When kids behave badly and parents punish by being horrible to them, this damages the relationship. At 12, the damage could be permanent is the punishment is particularly harsh. You might get a bit more compliance, but your child ends up hating you. You really don't need to be horrible to a child to teach them how to behave well. If the parent ups the ante every time the child behaves badly, then it ends up with competitive horribleness.

My kids are autistic so I have had refusal behaviour before. We stop, find out what the problem is calmly, that generally reduces the behaviour, or they might need a bit of information or reassurance, then we carry on. Demanding they do as we say, without listening to them, is a recipe for a stand off.

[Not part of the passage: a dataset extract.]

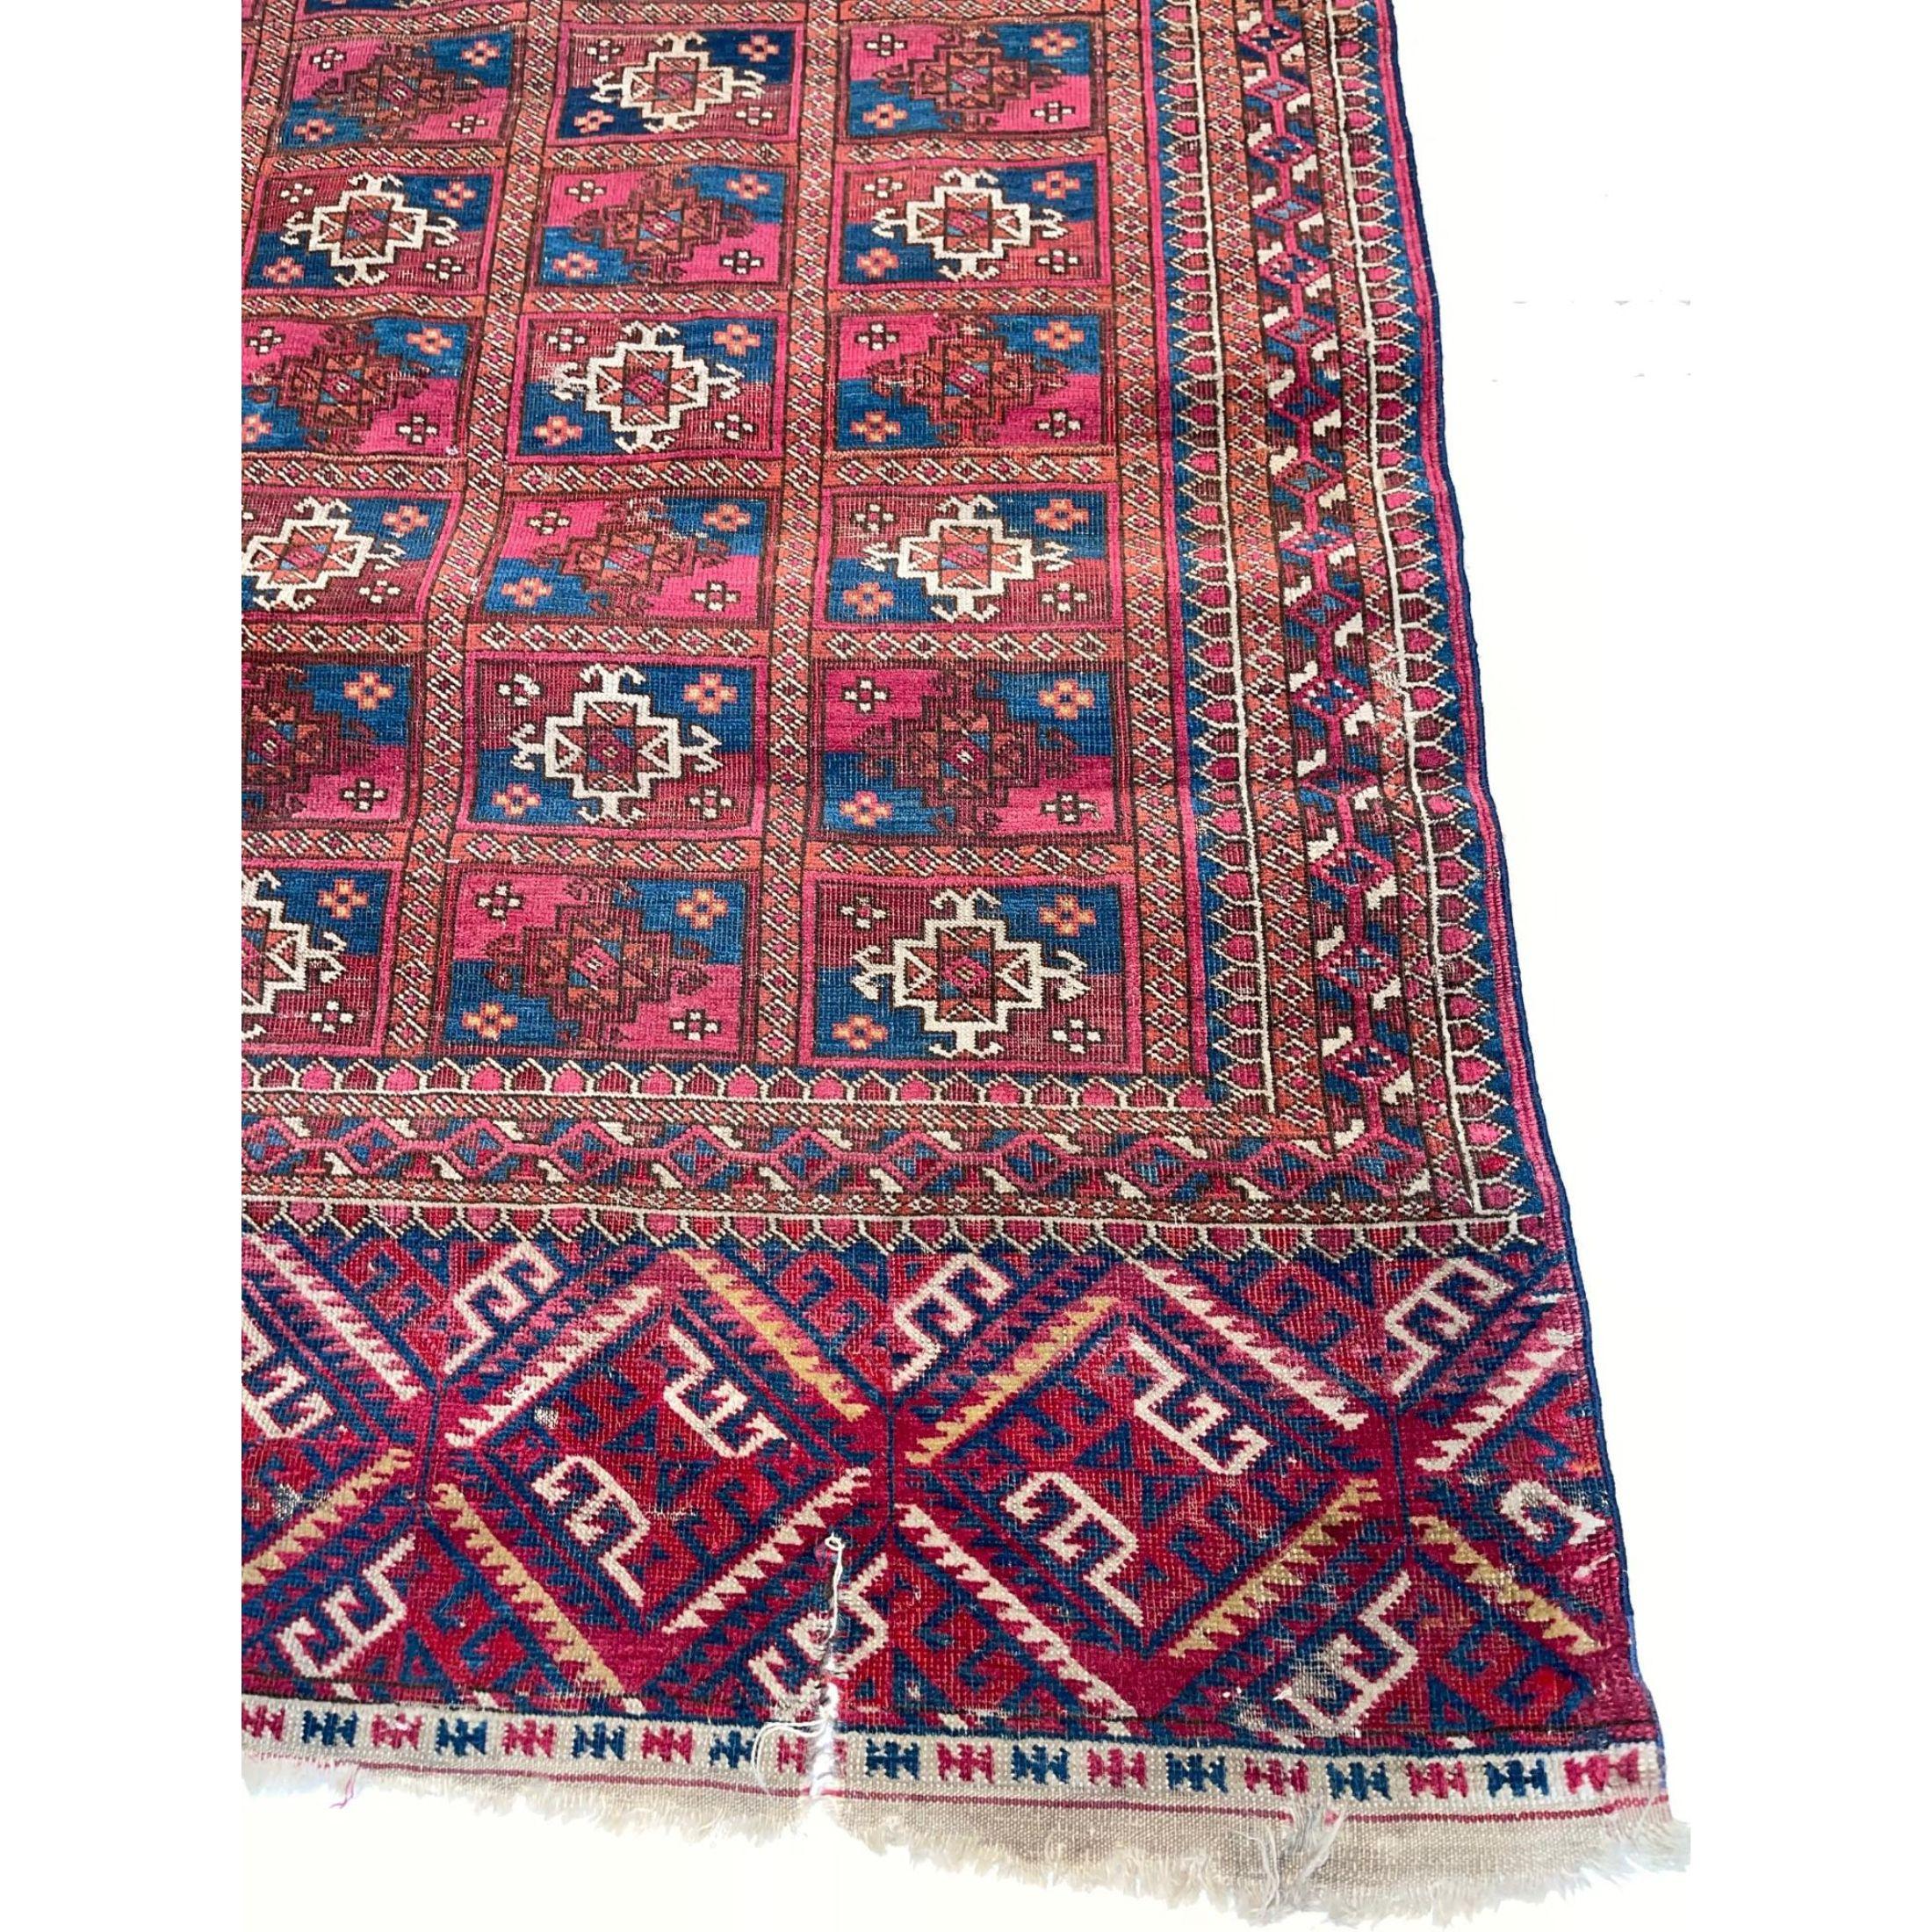 Belutsch-Teppiche - Antike Belutsch-Teppiche sind ein einzigartiges Phänomen in der Welt der antiken orientalischen Teppiche. Die Belutsch-Teppiche stammen nicht aus einer bestimmten, leicht zu identifizierenden Region, sondern sind Ausdruck einer

You can't force a child into a car. They can just undo their seatbelt. You can't force them onto a plane, they could get you all thrown off.

I have never and will never accept bad behaviour, I won't pander or give in to demands, but I will listen and I will try to get to the cause of a problem and I will never be nasty to my kids. I want them to come on holiday because they want to, not because I have forced them. I don't know how you even get to the point that they don't want to go and the first you know about it is the morning you are due to go.

Lweji · 09/08/2014 16:37

I think the problem here is using bribery as a convincer. She probably wanted something out of her refusal.
I give things to DS because he wants them and if I think they will be useful, not as rewards for behaving the way he is supposed to. That's a given and expected. Otherwise things may start be taken away.
However, I am of the school of using reason and having proper conversations before punishments.

It does feel like this family needs help.

LindyHemming · 09/08/2014 16:42

This reply has been deleted

Message withdrawn at poster's request.